- **Task goal**
What is needed is an exact copy of the lines in the entries below from the one holding "Lego Ninjago: Katana V11 70638" through the one holding "Digital courier platforms", pictures excluded.

- **Entries shown**
##########
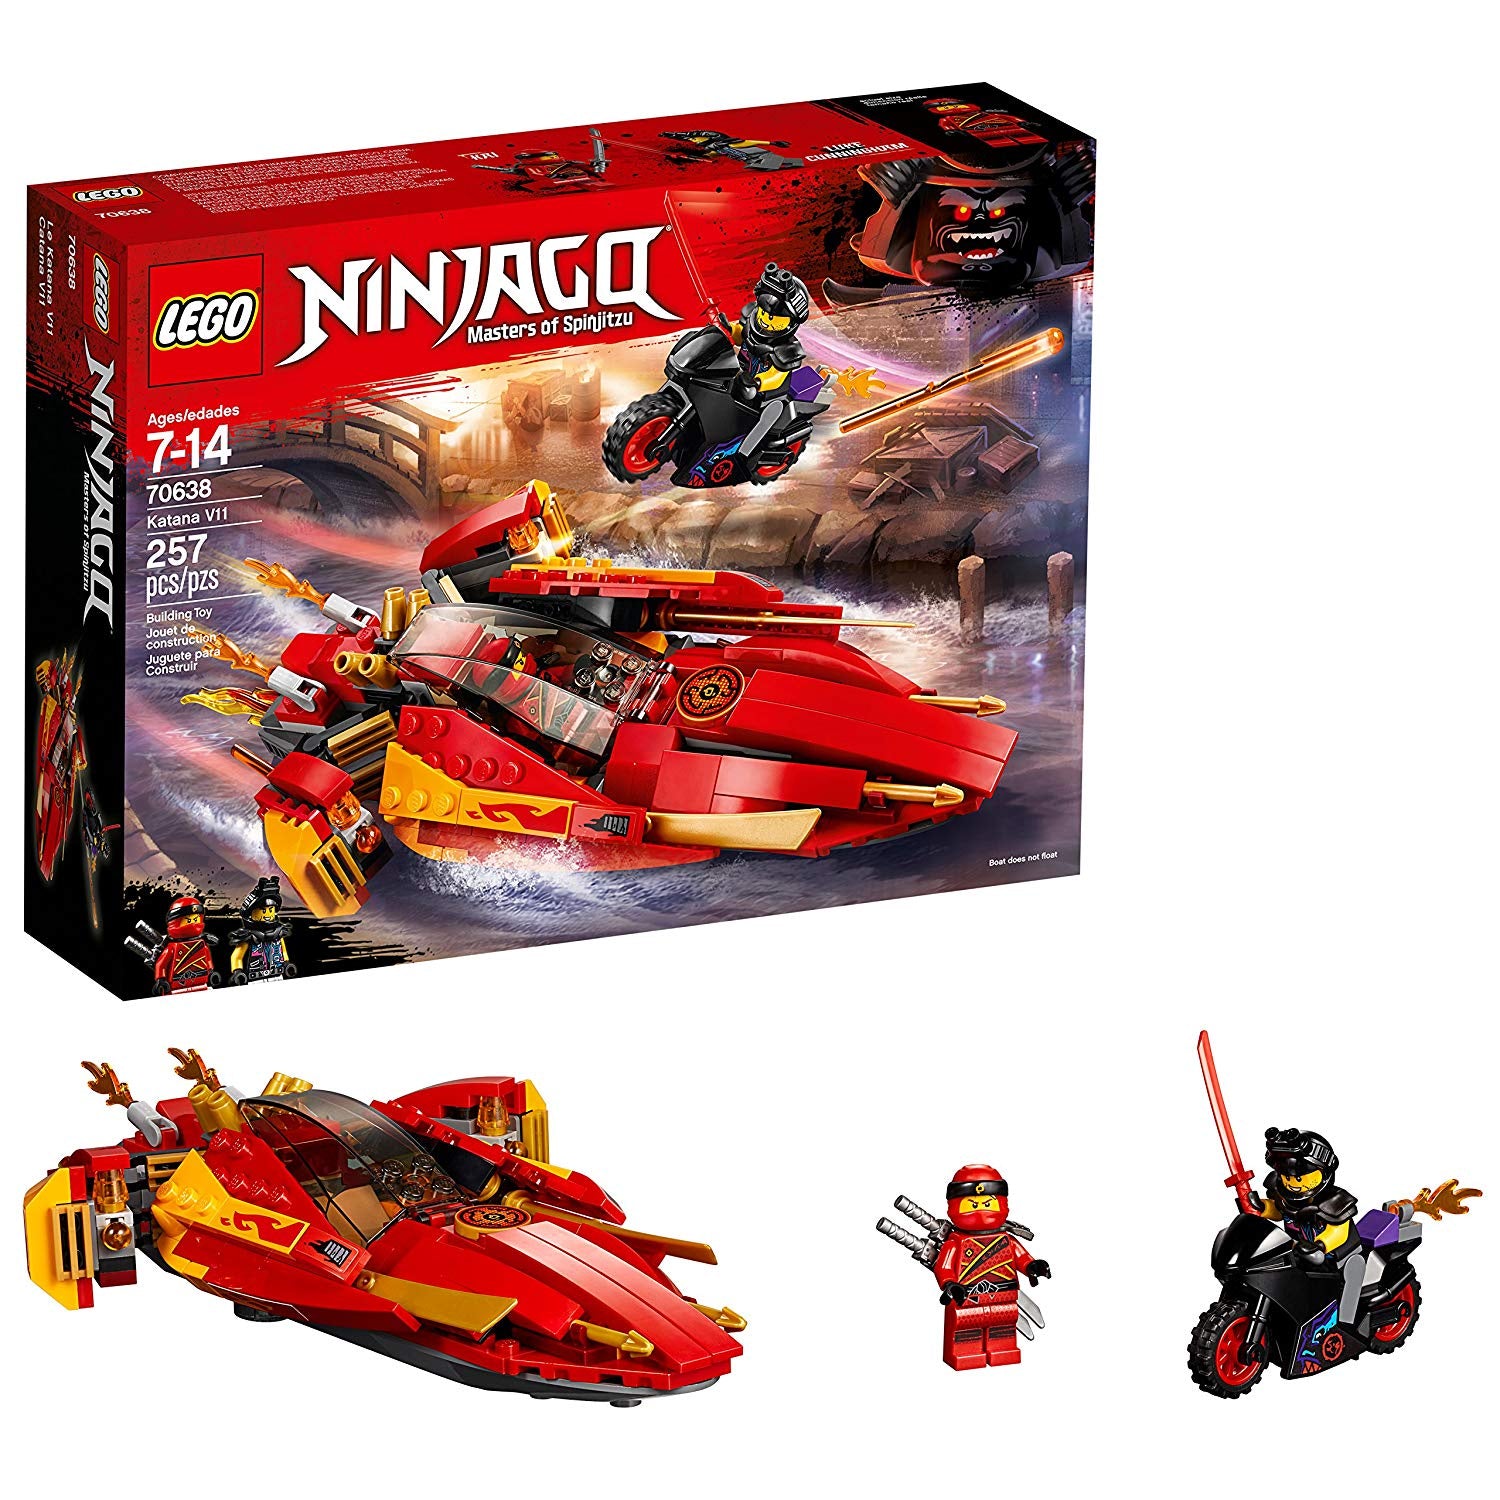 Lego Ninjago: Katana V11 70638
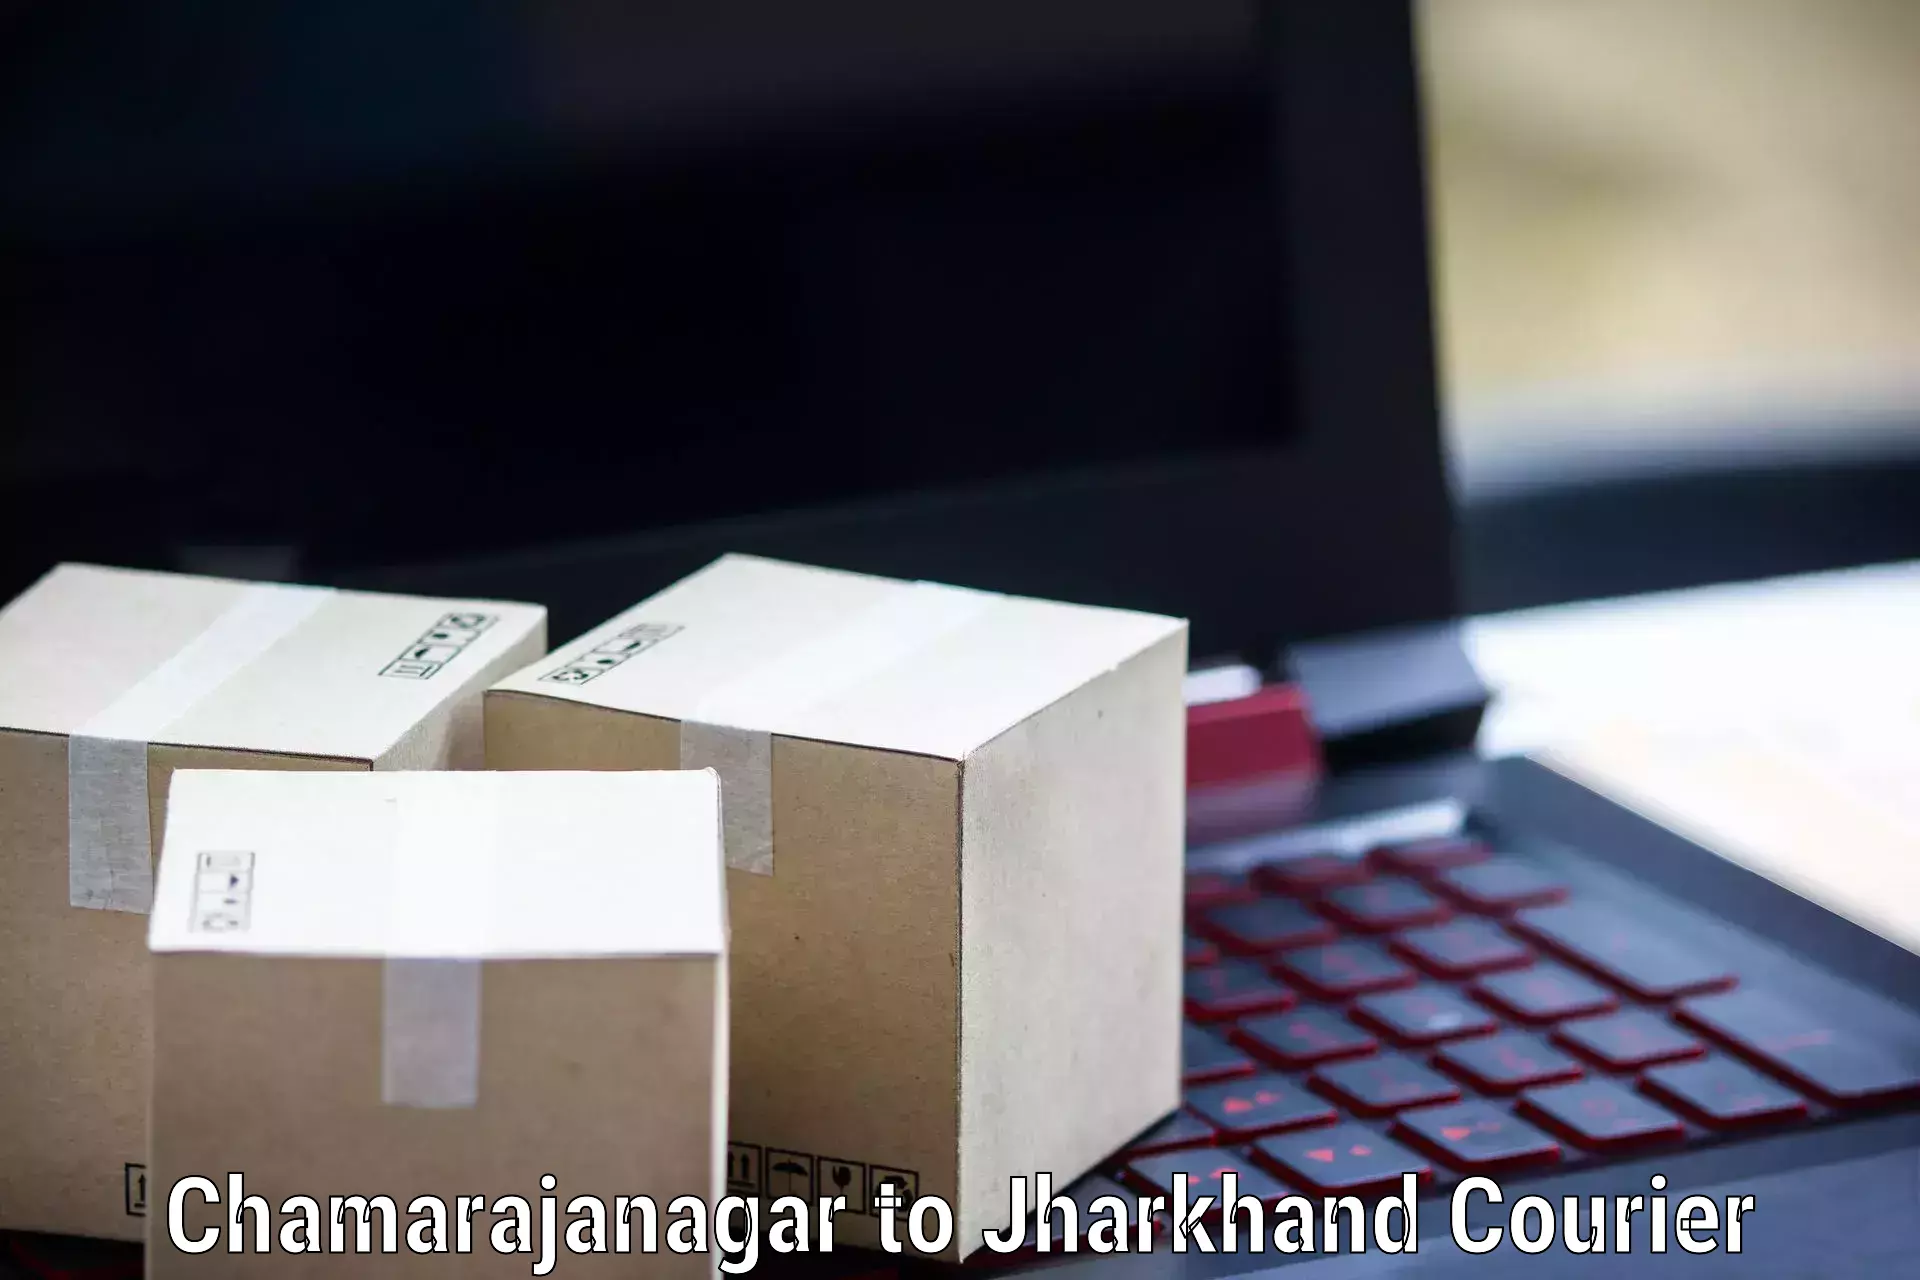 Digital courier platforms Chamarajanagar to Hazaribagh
##########
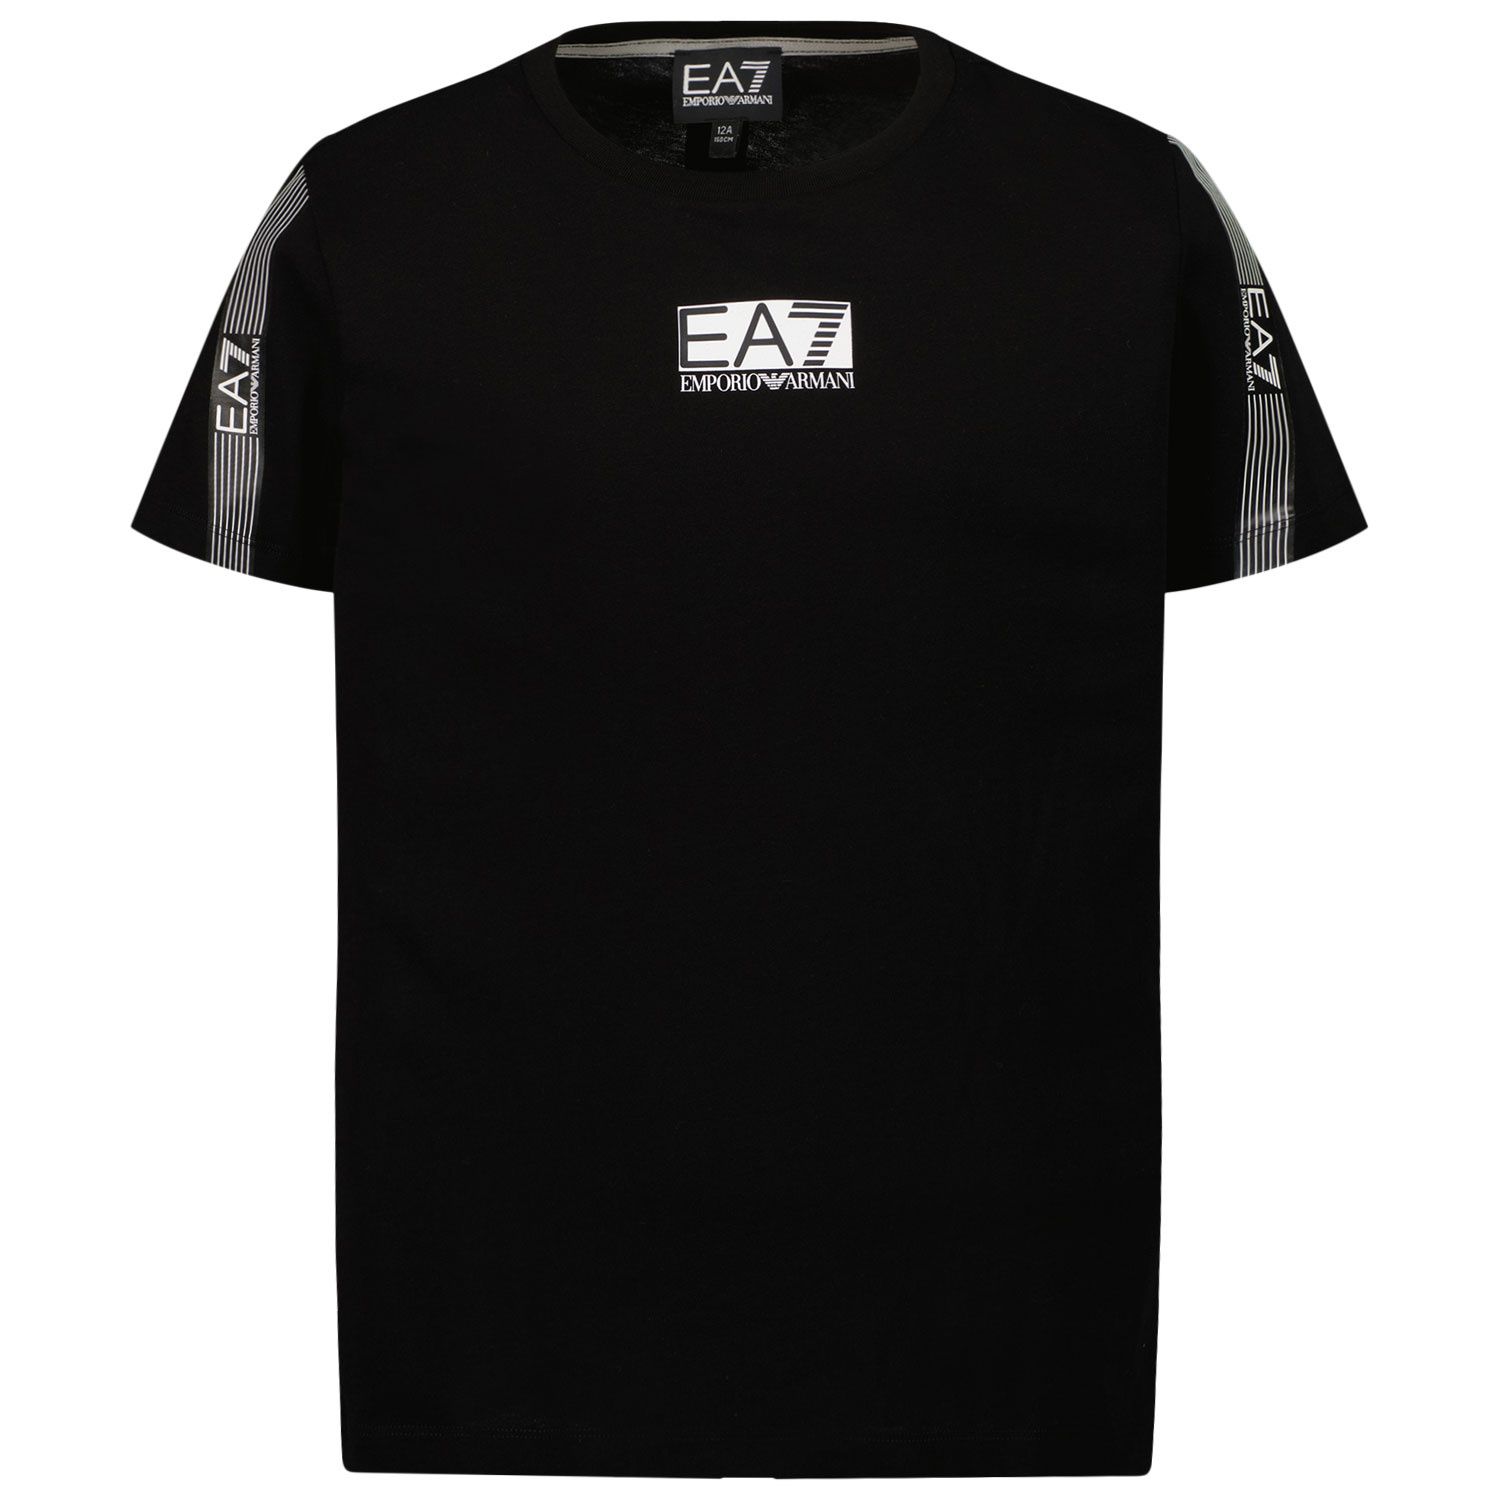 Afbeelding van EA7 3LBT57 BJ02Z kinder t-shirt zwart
##########
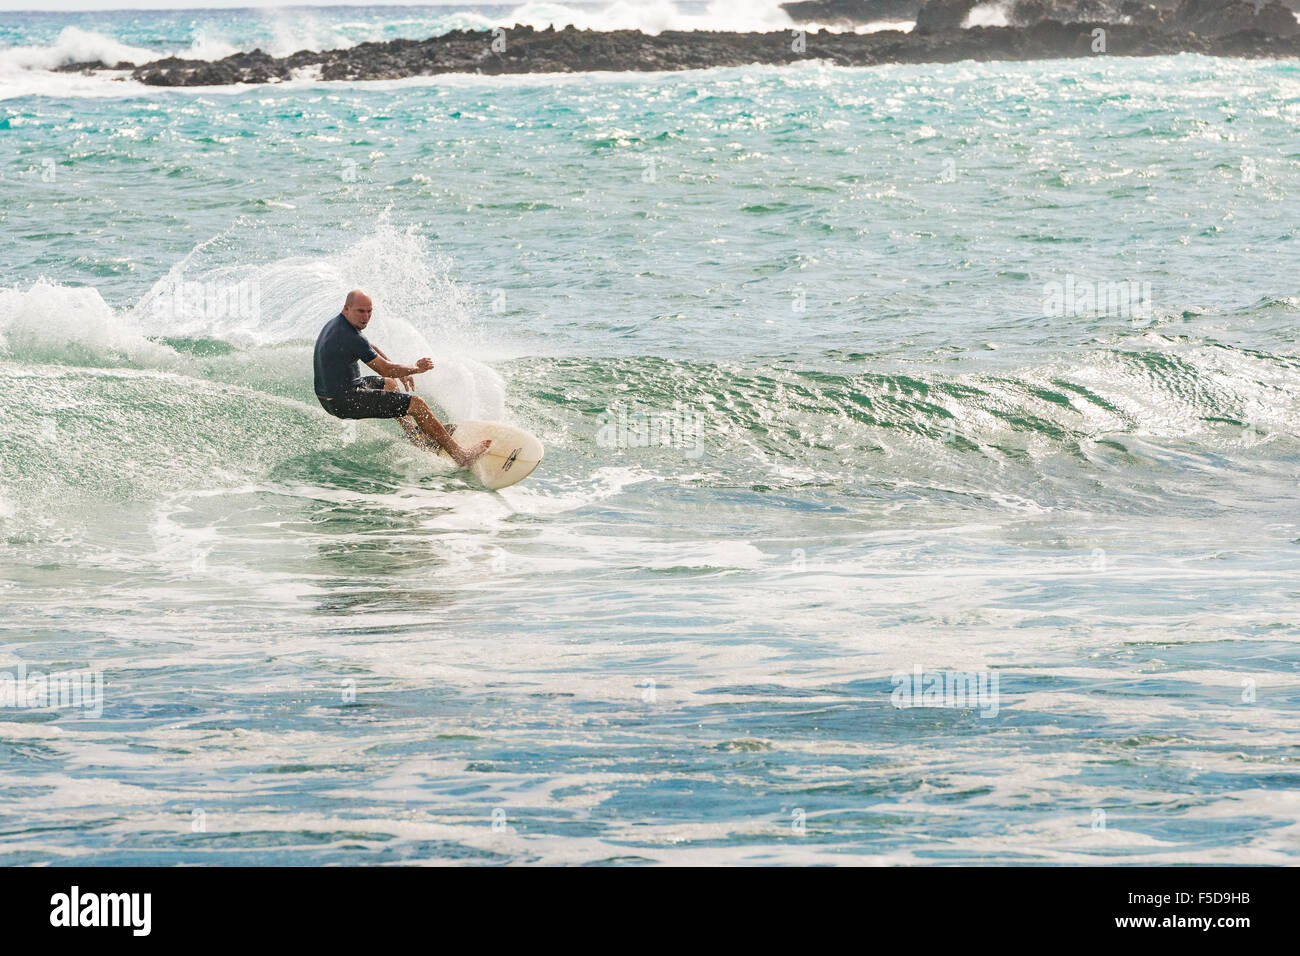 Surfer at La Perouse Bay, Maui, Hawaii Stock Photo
##########
- **Result**
 Lego Ninjago: Katana V11 70638
 Digital courier platforms Chamarajanagar to Hazaribagh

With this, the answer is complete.